Preaching a sermon like this reminds me of the story of the well-meaning but rather blundering man whose parish had recently gotten a new Rector. Greeting the Priest at the door after Mass, and wanting to say something nice, he blurted out “I must say we at St. Swithin’s Church didn’t know what sin really is – until you came to be our priest!”

Sin is not a word, not a concept to be used only by religious fanatics or in hell fire and damnation sermons, or even by newspaper headline writers looking for a synonym for illicit sex. Sin is simply what happens when, like the Prodigal Son, we say to God “I’m going my way, I’m going to do my own thing, and I don’t really care about yours!” It’s what happens when we take the freedom God has given us and abuse it, winding up separated from other people and from God. It’s a very human and very common failing. Even the great Apostle for whom this parish is named experienced it. You may remember his emotional outburst when he said “the things I know I shouldn’t do, I do so often, and the things I know I should do, I don’t do!” How painfully familiar that sounds!

One of the often overlooked messages of the story of the Prodigal Son is that the father did not go after his son to try to force him to return home. God never compels anyone to receive or use divine grace, but (and it’s the biggest possible “but”) as the parable makes so clear, God is there, always there, waiting, loving, and ready to forgive.

When I was a college student, I used to like to drop into my home parish, The Church of the Advent in Boston, which, in those long-ago more peaceful days, was always open so that people could come in and pray. Usually I’d go late in the afternoon when the church was generally empty and so very quiet. Near the back, there is a wooden statue of Jesus vested as a priest in Eucharistic vestments. It’s not a big statue – perhaps three feet tall, if that. Unless some of the votive candles in front of it have been lit, it’s easy to miss in the shadows. But that simple statue, with arms outstretched always seemed to me to ask the question Our Lord poses to each one of us: “How about it – do I matter to you?”

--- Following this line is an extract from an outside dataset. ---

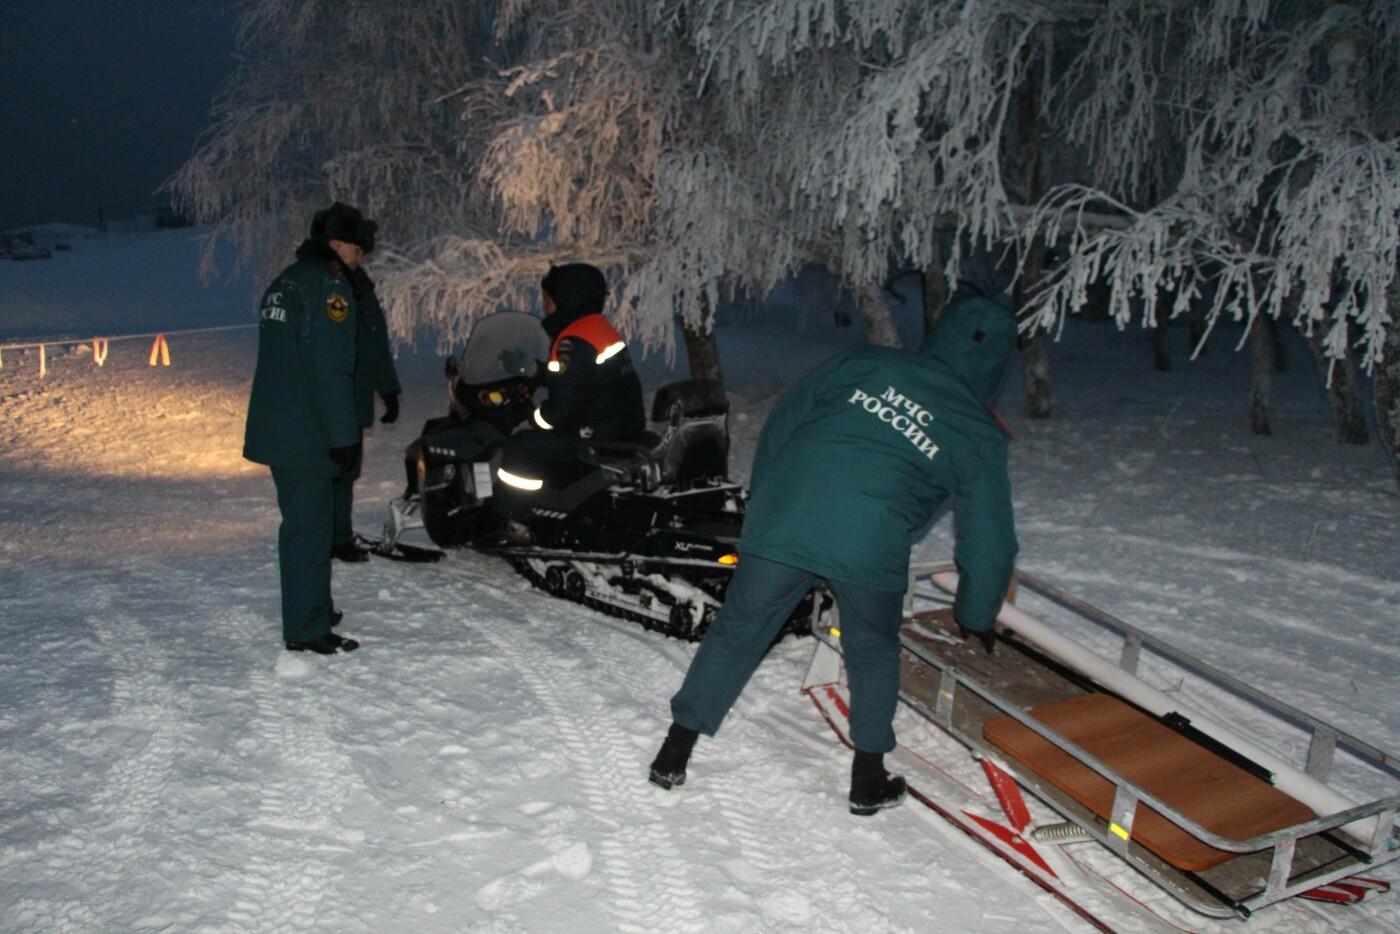 ВИДЕО: спасатели почти 12 часов оказывали помощь туристам, заблокированным на плато Ай-Петри, фото-3

Some years ago, I had the privilege of being the Priest in Charge of St. Peter’s Church in Springfield, Massachusetts, a wonderful inner city parish which is in a somewhat depressed section of that city. There is a shrine in that church, an almost life-size figure of Jesus. Originally, the statue was an elegantly polychromed wood carving of the Lord clad in white and gold vestments, with one hand pointing to his bright red heart. The statue stood in a chapel which was attached to the nave of the church. A number of years before I came to that parish, a fire had destroyed the chapel and, while the statue had been rescued, it was badly charred. In place of the sparkling white vestments, the whole figure was black charcoal from top to bottom, but still recognizable as a figure of Jesus. It seemed to me to speak all the more powerfully of the Rabbi from Nazareth who suffered because of human sin, but whose love remained then, and remains now, even as he asks for our love and faithfulness. Kneeling at that shrine and lighting a candle, I could just hear Jesus asking the same questions I heard in Boston, namely “How about it? Do I matter to you?” Questions he poses even now, even this moment, to each one of us: “How about it? Do I matter to you?”

May this Lent continue to be a time of renewal, of growth, of re-turning to God for each one of us. May the Parable of the Prodigal Son remind us that we have been, and are, prodigal sons and daughters, that we are lost appointment books, coins, or sheep, which is to say that we are sinners. We are those things, but also, and most important of all, we do well to remember that the coin, the sheep, and even my appointment book, did not stay lost – they were found!

Think of this: the Prodigal Son not only returned home, but was loved, welcomed, and forgiven by his father, even as you and I are loved, welcomed, and forgiven by God.

Ask yourself: What does that really mean to you? Does it matter? Does Jesus matter?

+ In the Name of the Father and of the Son and of the Holy Spirit.

 

The Reverend Alfred T. K. Zadig, Sr.